The selective operation of the fans combined with the baffles inside the enclosure may allow for directing the air flow along a middle/central path or on outer paths on either side of the central path. Further, this may be used in conjunction with sensed temperatures (e.g., via temperature sensors) of these paths and external air to selectively control whether warm or cool air is distributed over the battery cells within the enclosure. In this way, the temperature of the battery cells may be optimally controlled through select operation of the front and rear fans. In particular, select fan speed differences, ratios, and directions of the front and rear fans may be used to selectively direct air down the two or more air flow paths within the enclosure. The battery enclosure may allow for a system that is highly efficient and effective at maintaining the health of the batteries in datacenter floor white space, which may be prone to large temperature differentials. In at least some embodiments, the battery enclosure may be configured to be operable even if the user's external white space HVAC equipment has failed, wherein the fans provide a backup and a supplemental way to keep the batteries at operating temperatures.

In at least some embodiments, the enclosure maintains the individual battery cells in a narrow temperature range despite large differences in temperature and pressure on different sides of the enclosure, and avoids extra components—and their associated size and cost—which would otherwise be placed in the design specifically for this task.

When downstream server racks are operational, the hot aisle between the server racks may typically be between 50-70° C. and have a pressure that is 0.2″ H₂O above a pressure of the cold aisle.

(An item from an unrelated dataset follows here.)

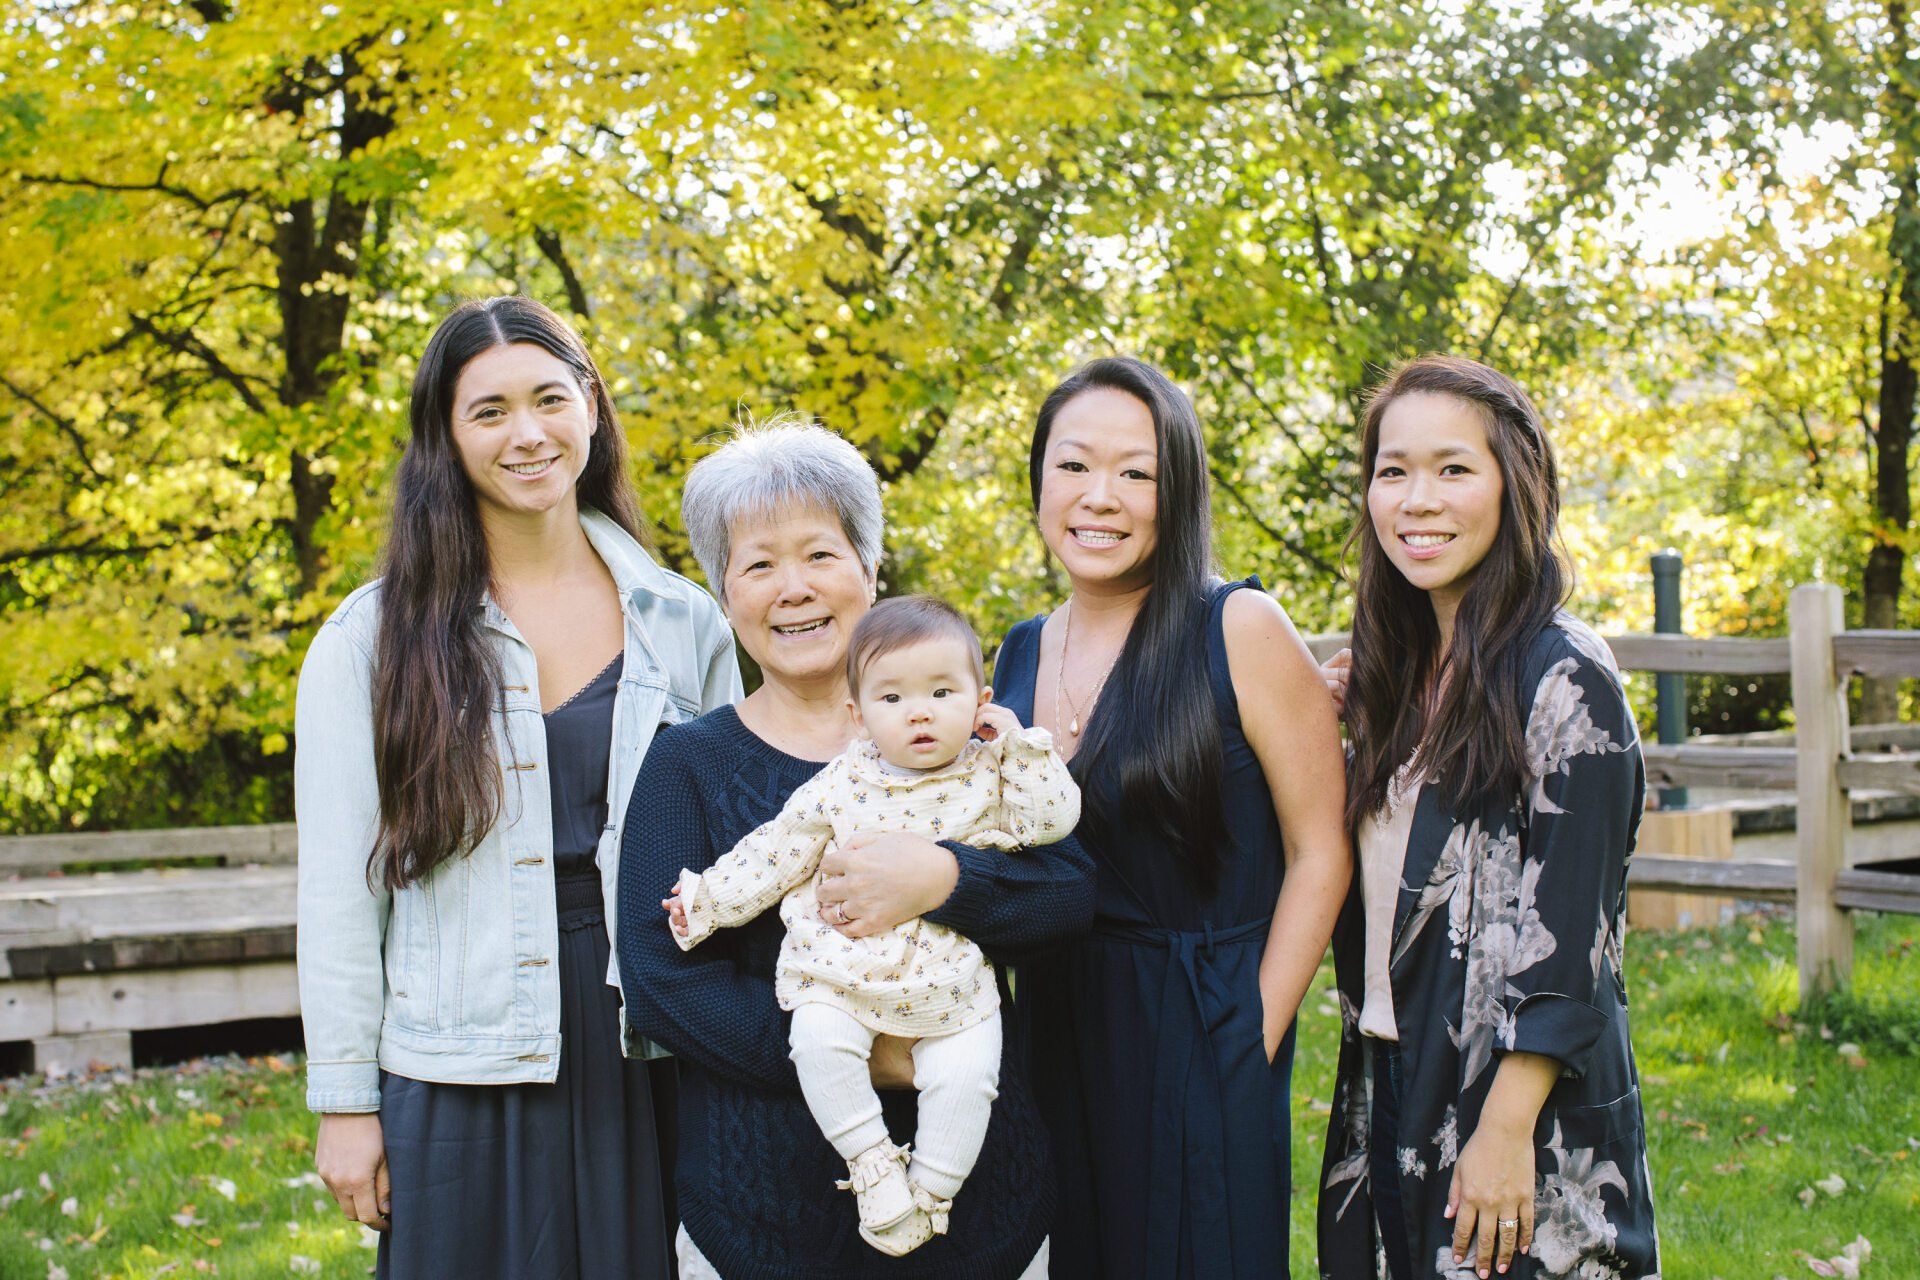 Photo of 3 generations of women in the family

Battery backup time may need to be configured to be maintained across very wide cold aisle temperature ranges, such as cold aisle temperatures between −5° C. to 45° C. See FIG. 3 for an example layout of hot aisles and cold aisles of a white space 300.

Battery backup time, power, and size requirements may be very aggressive, and a design cannot necessarily simply oversize batteries to compensate for wide temperature ranges. Batteries may need to be configured to stay in a temperature range of 15-45° C. It may be desirable to maintain a difference between a temperature of a front portion and a temperature of a rear portion of the batteries to be within 3° C. of each other.

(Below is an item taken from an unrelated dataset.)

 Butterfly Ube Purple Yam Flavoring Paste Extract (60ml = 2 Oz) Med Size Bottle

Counterintuitively, it may not be necessary to blow air over cells during discharge or recharge of the batteries. Even though such use of the batteries may raise the temperature of the batteries, blowing air over the batteries at such a time may tend to cause large front-to-back temperature changes.

FIGS. 1-5 illustrate an example of a battery enclosure system 100, in accordance with one or more embodiments.

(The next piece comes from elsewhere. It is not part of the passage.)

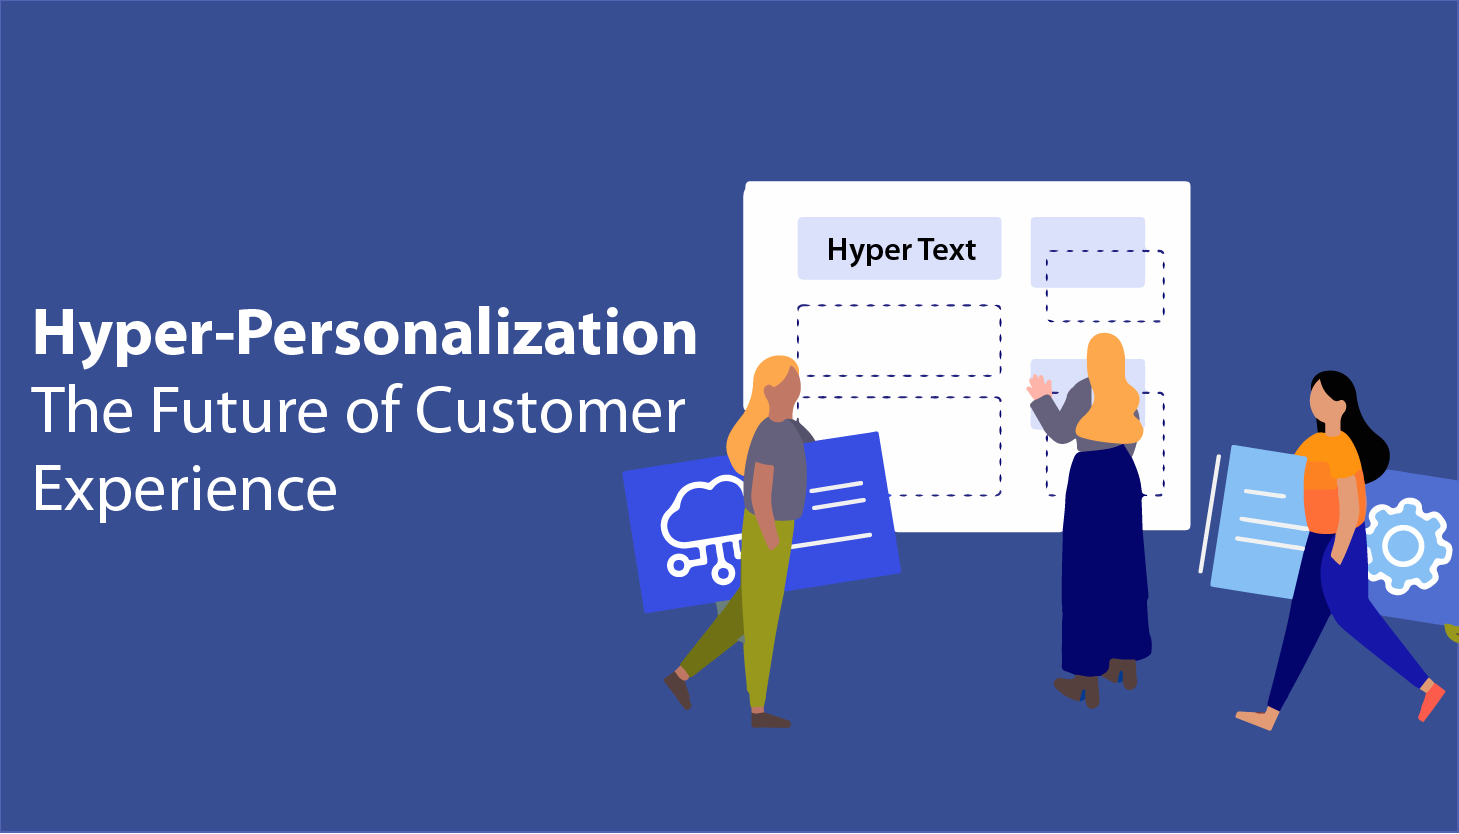  Why Hyper-Personalization Is the Future of Customer Experience

FIG. 1 illustrates a top view of the battery enclosure system 100, in accordance with one or more embodiments of the present disclosure. FIG. 2 illustrates a front view of a first side wall 130 of the battery enclosure system 100, in accordance with one or more embodiments of the present disclosure.

In embodiments, the battery enclosure system 100 includes a housing 110 configured to enclose a set of battery cells 116.

In embodiments, the housing 110 includes one or more baffles 120 extending along a first direction. Each baffle 120 may include a first section 122 disposed along the first direction and at least a second section 124 coupled to the first section 122 and angled from the first section 122 by a baffle angle 126. For example, the first section 122 may separate a corridor 140 from the batteries 116. The second section 124 may be angled off to a side to advantageously control airflow. For example, the baffles 120 may allow for selectively cooling and/or heating the batteries 116 and/or the converter 142 (e.g., DC-DC converter).

The converter 142 may generate substantial heat, the external hot and cold aisles may vary in temperature relative to desired temperatures for the components in the housing 110, and the batteries may need to be at specific temperatures at specific times (e.g., for storage, charging, or discharging). The baffles may provide advantageous air flow pathways over the converter 142 and the batteries 116 that may reduce the number of discrete components used in other designs. For example, the number of fans may be reduced, saving costs. For example, instead of having three groups of fans, one over the left side batteries 116, one over the central converter 142, and one over the right side batteries 116, it is contemplated that a single set of fans on each side of the housing 110 may be enough to control air flow in the desired speed and direction over the center versus the side pathways.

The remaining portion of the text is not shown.